Мы сидели на крыше в самом центре города, с которого открывался такой же вид, как и теперь: рядки маленьких однотипных домов вдалеке, возле каждого стоял уличный фонарь, каждый из которых был маяком в этом черном море. В другой стороне — зарево из синих, красных, пурпурных, желтых огней. Небоскребы, напоминавшие стройных тощих топ-моделей в блестящих платьях. Казалось, что даже холодные стекла и металлические каркасы зданий были сделаны из алмазов — настолько сильно все блестело. Огни ночного города были звездным небом, расплескавшимся по земле.

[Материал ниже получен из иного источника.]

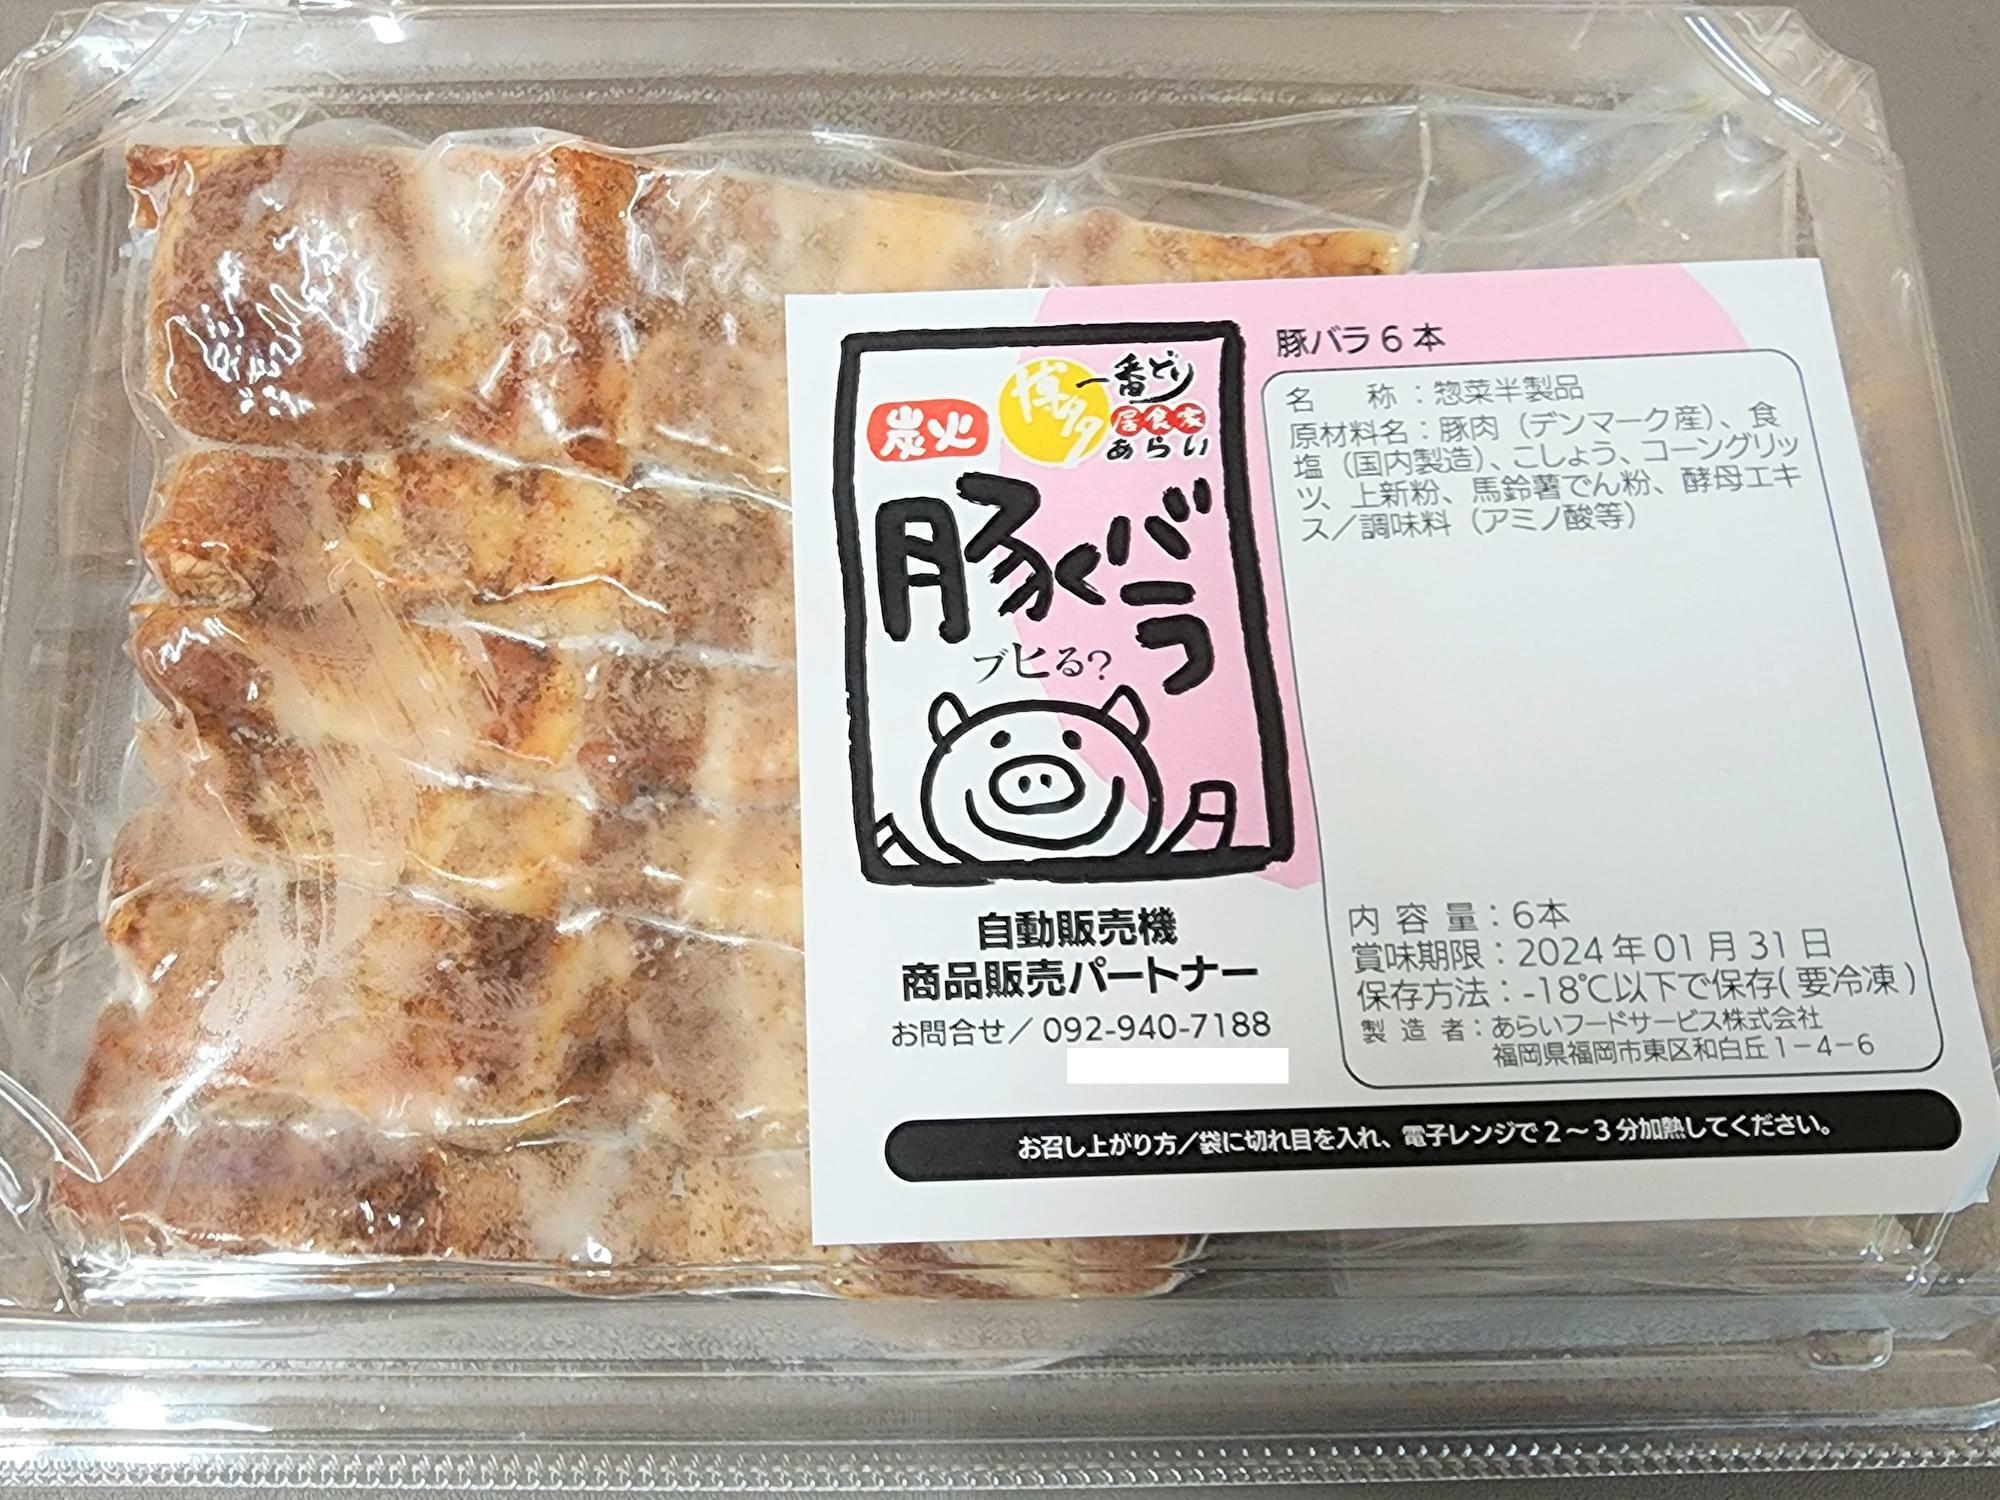 「PiPPon 徳島中洲店」で購入した「豚バラ」。

Все вокруг будто бы и было отражением этого неба, словно огромный пруд в самой глубине леса, где не проходила ни одно живое существо, и от чего вода как будто бы застыла намертво.
Ее голос был как никогда усталым, она не находила сил чтобы закатить истерику или просто наорать на меня. Она никогда этого не делала. Я вижу ее лицо перед собой — уже впалые щеки лишь подчеркивали точеные скулы, над которыми теперь не так ярко поблескивали темно-карие глаза, чуть-чуть раскосые. Рот скривился от боли, но губы постоянно хотели сложиться в улыбку — но что‑то им мешало. Ее белые, густые, но тонкие длинные волосы были белыми не от краски, на что намекали темно-черные корни (она никогда не успевала вовремя подкрашиваться), но от седины. Тем не менее, ее движения были все еще полны жизни, хоть и подходящей к финалу. Я не мог ничего поделать. Она сама так решила.

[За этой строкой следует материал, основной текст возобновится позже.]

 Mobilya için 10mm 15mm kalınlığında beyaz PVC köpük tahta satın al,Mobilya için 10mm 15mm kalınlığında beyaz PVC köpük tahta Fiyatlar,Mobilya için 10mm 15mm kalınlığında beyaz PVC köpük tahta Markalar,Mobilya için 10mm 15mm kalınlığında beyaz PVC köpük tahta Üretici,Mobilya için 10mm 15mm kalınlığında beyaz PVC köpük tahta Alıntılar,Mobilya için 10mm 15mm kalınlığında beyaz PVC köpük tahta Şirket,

— Жизнь? — сказал я, закуривая очередную сигарету, — В чем такая прелесть этой вашей «жизни»? Делай что угодно, строй дома, расти детей, пиши книги, летай к звездам, но все равно — пуля в лоб, рак, ДТП — и где все твои достижения?
Она отвернулась от меня.
Я подумал, что надо что‑то сделать, сказать, успокоить ее.

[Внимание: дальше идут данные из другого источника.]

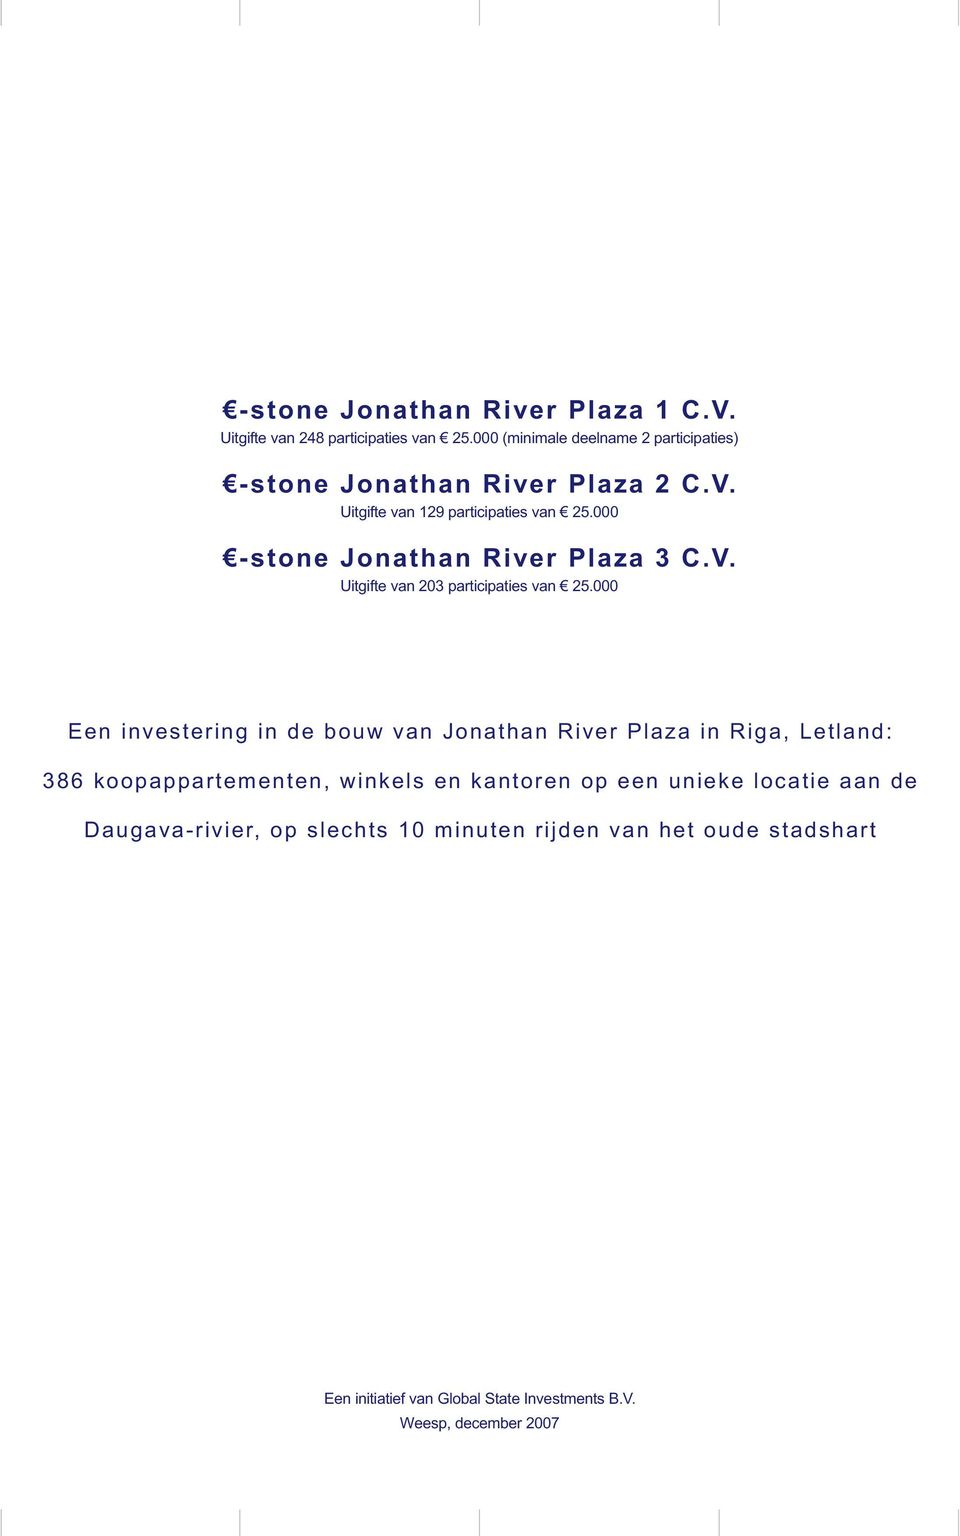 000 -stone Jonathan River Plaza 3 C.V. Uitgifte van 203 participaties van 25.

— Я не ценю жизнь, и я не боюсь ее потерять. Поэтому я ее не потеряю.
Я повернул ее к себе.
— Но я дорожу тобой. И чем сильнее ты чем‑то дорожишь, тем скорее потеряешь это. Так устроен этот мир.
— Ты сам себе противоречишь.
— Да уж. Ну, люди вообще весьма противоречивые существа.
— Но я не хочу, чтобы ты умирал.
— Мне ли этого не знать, — с улыбкой говорю я.
— Потому что ты сражался за этот мир. Ты должен его защитить.
— Хорошо, хорошо. Только форму мне погладишь?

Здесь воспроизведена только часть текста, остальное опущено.